# [Collected material]
◆ ◆ ◆

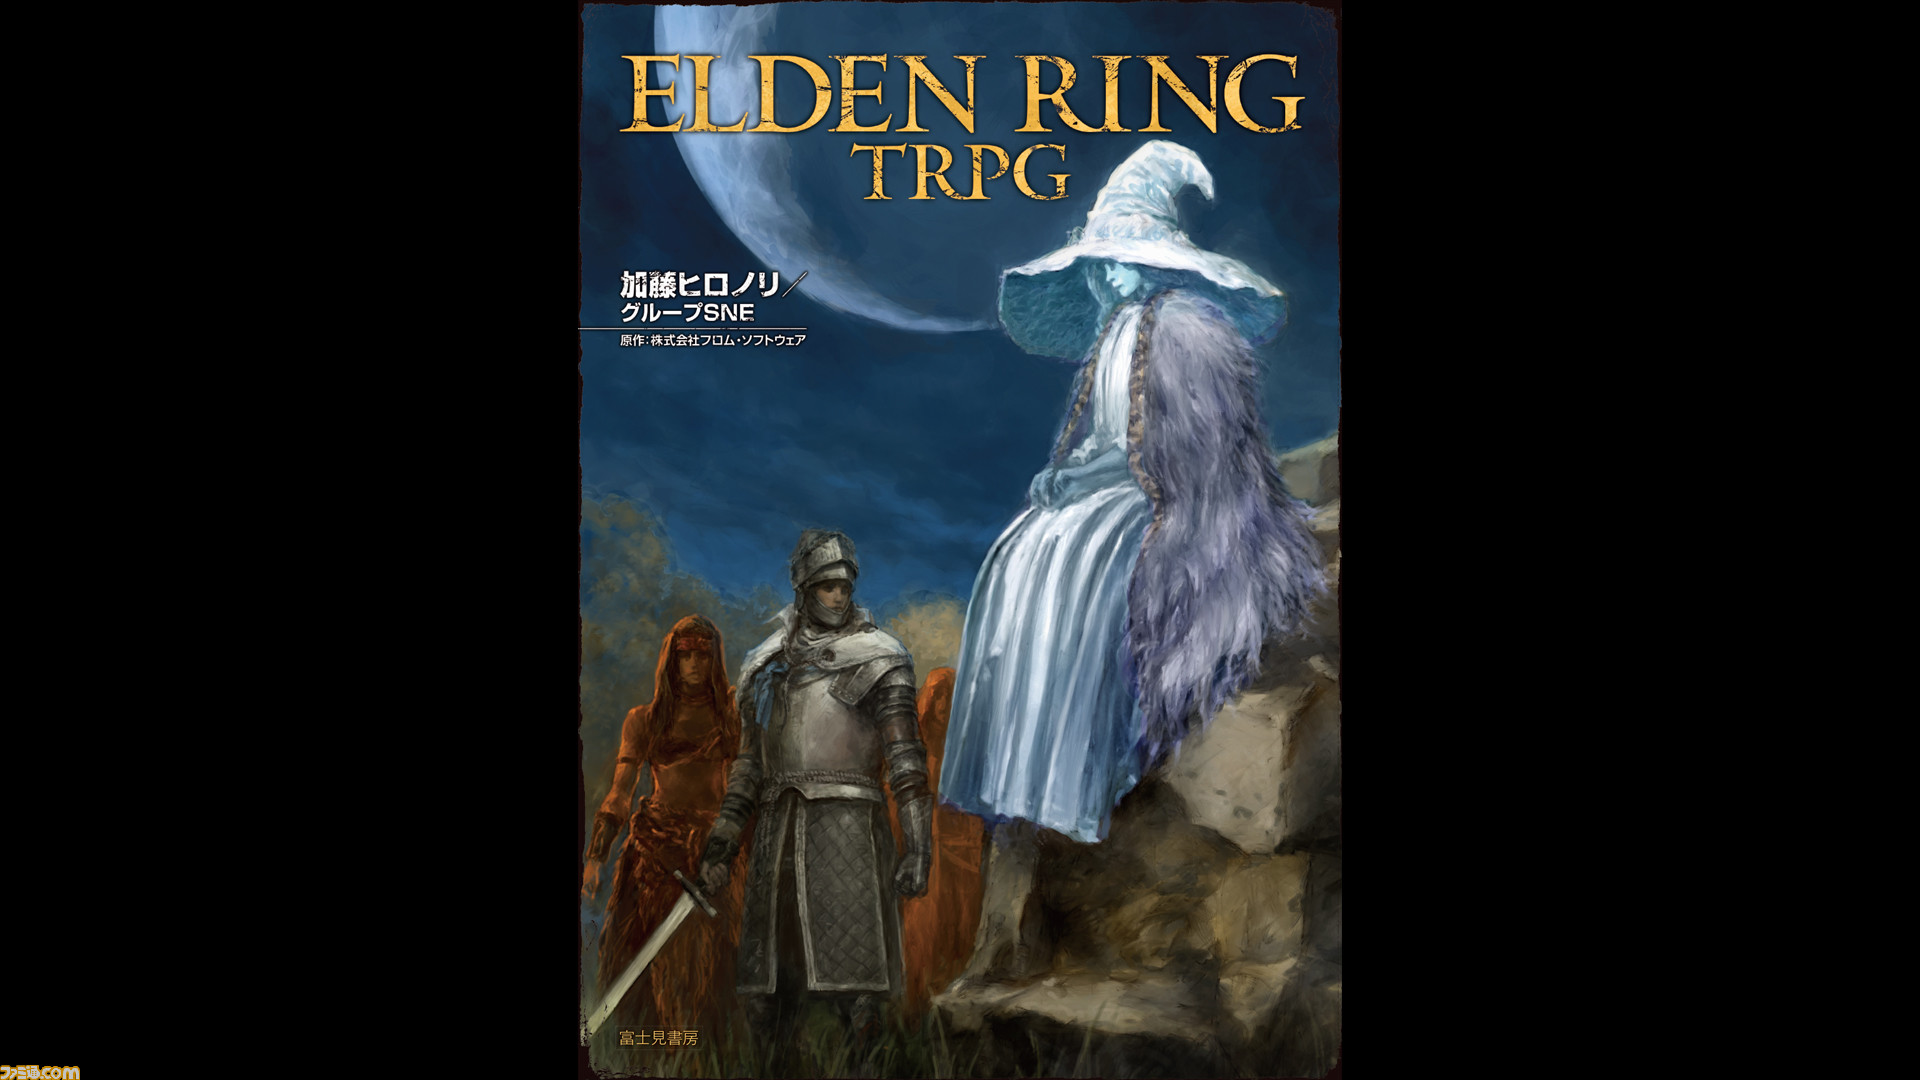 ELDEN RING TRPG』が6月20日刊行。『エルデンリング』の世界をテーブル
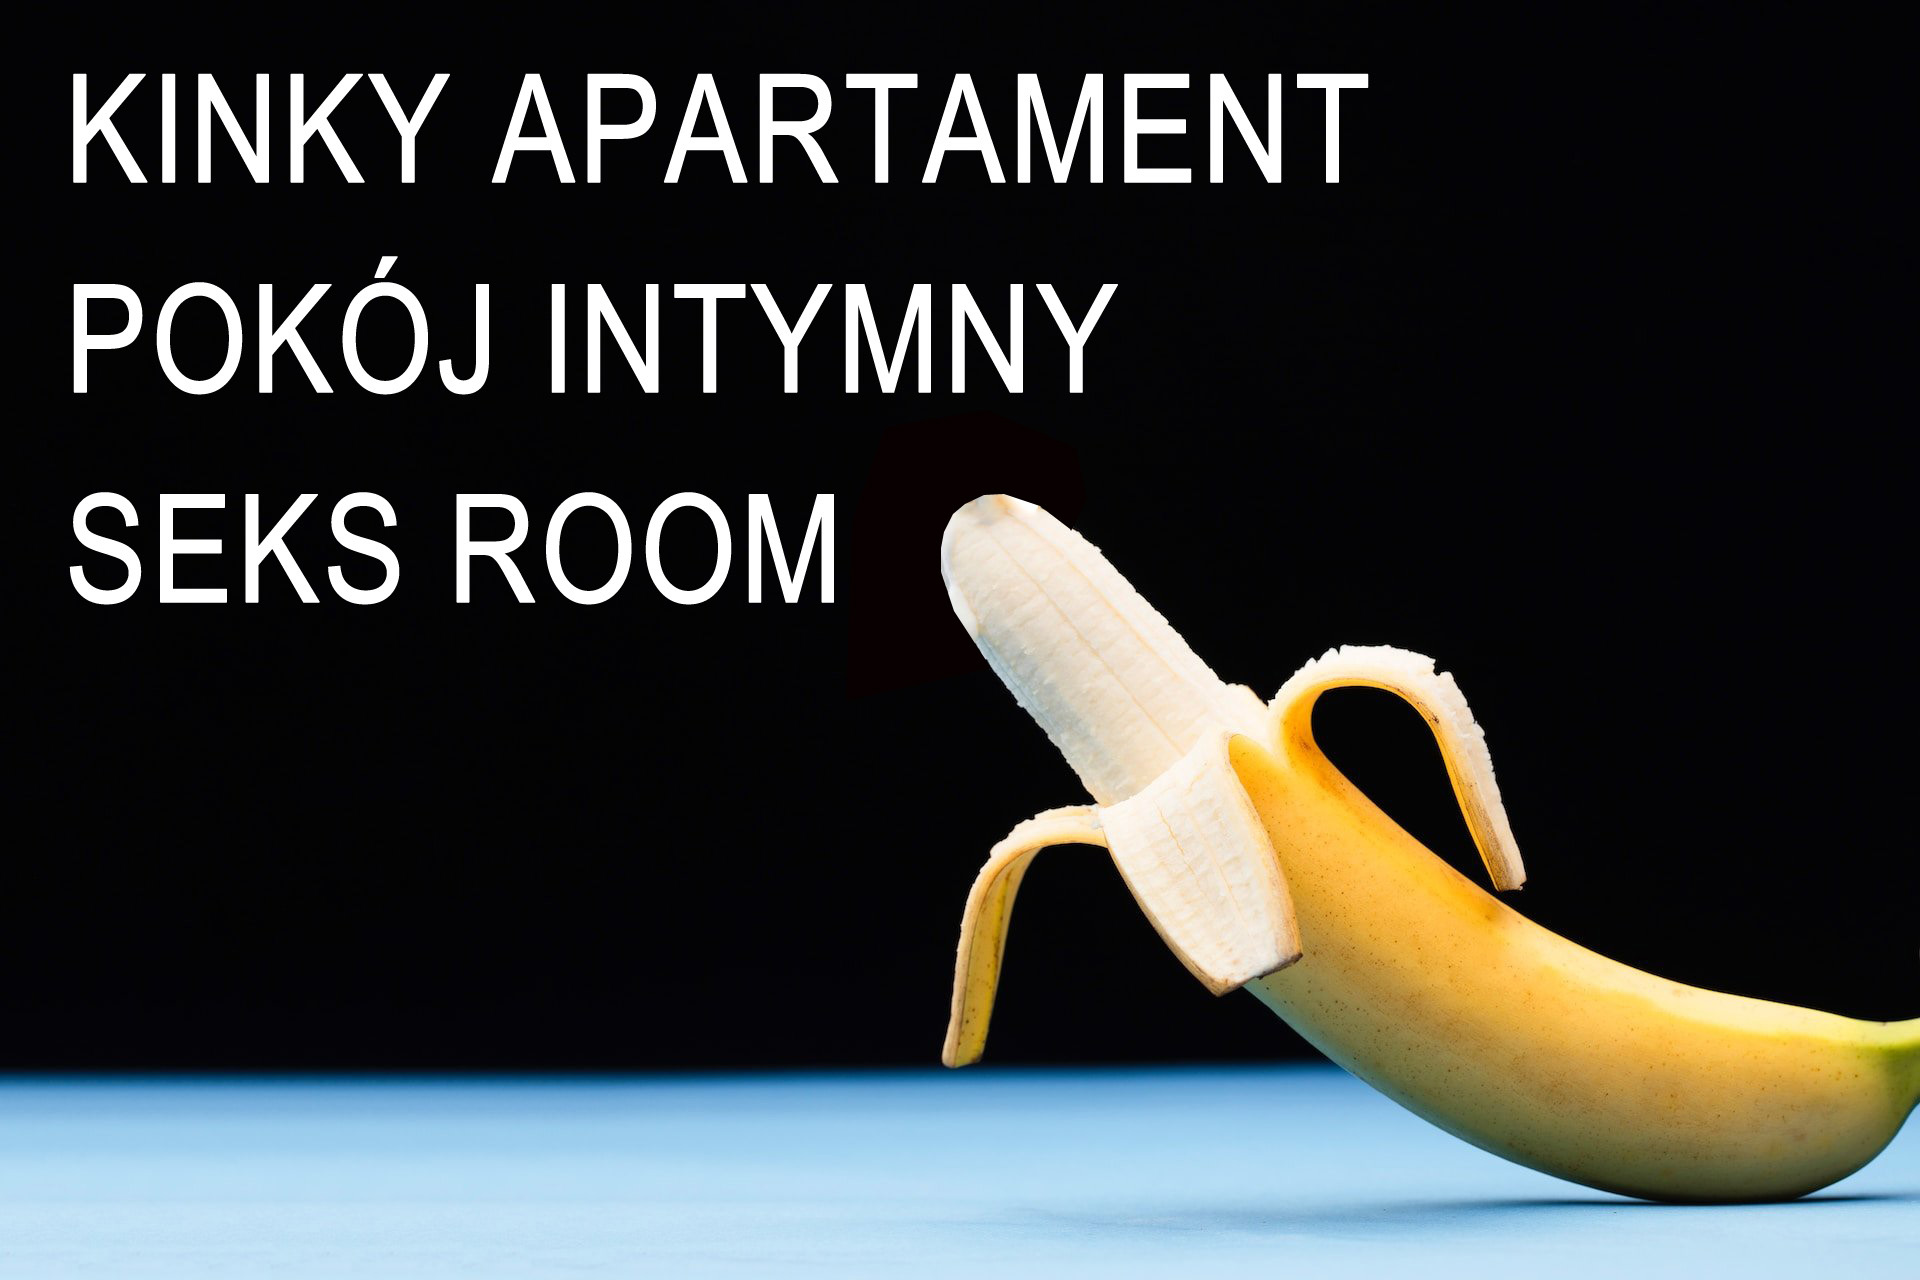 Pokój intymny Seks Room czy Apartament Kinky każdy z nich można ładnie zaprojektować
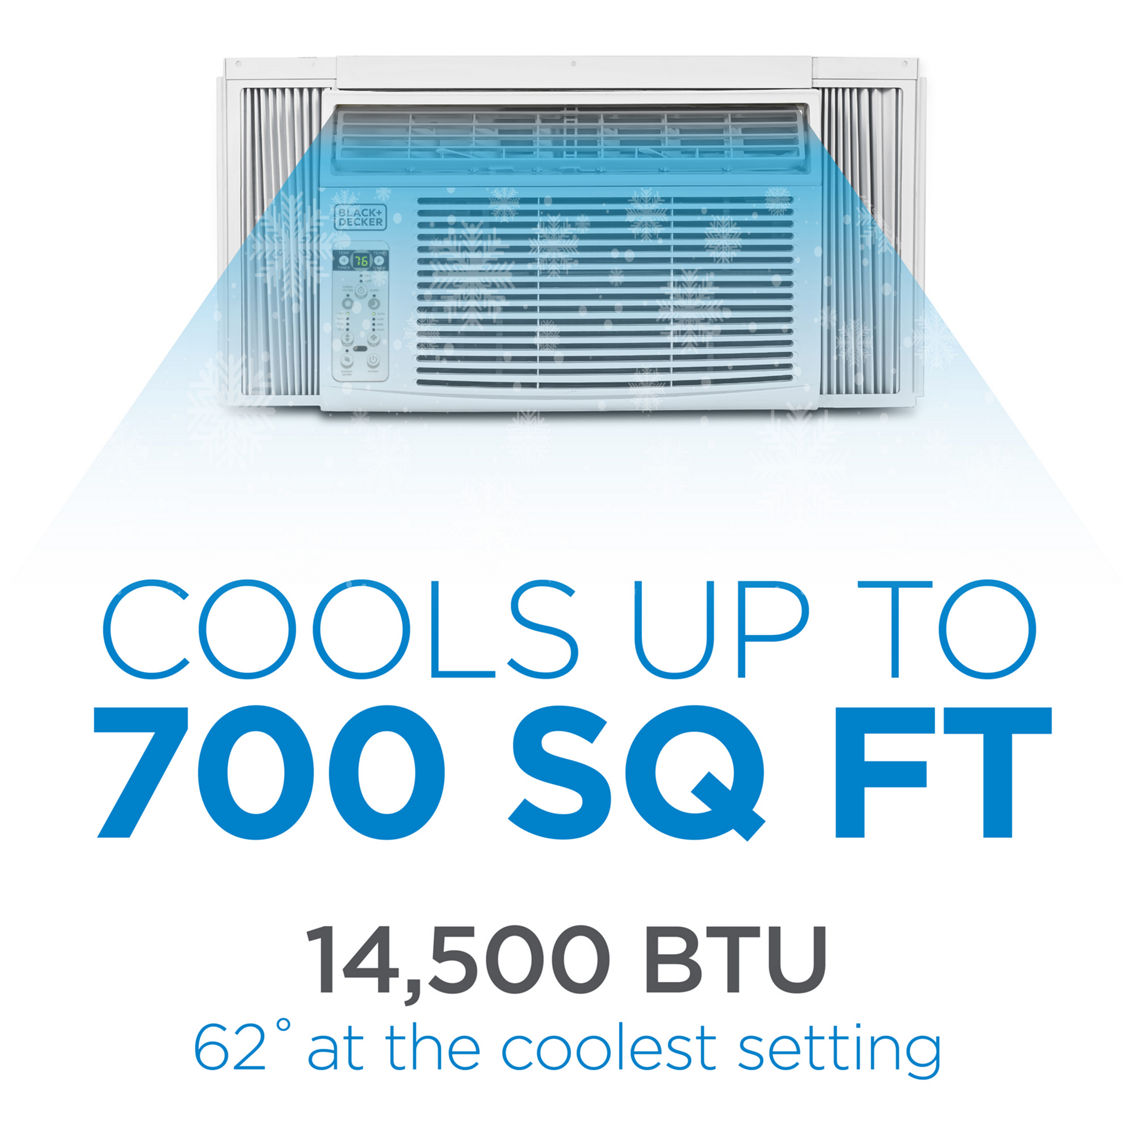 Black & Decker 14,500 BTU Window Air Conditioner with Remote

◆ ◆ ◆

# [About this task]
Leaving out the images, repeat the listing above exactly.

# [Written reply]
 ELDEN RING TRPG』が6月20日刊行。『エルデンリング』の世界をテーブル
 Pokój intymny Seks Room czy Apartament Kinky każdy z nich można ładnie zaprojektować
 Black & Decker 14,500 BTU Window Air Conditioner with Remote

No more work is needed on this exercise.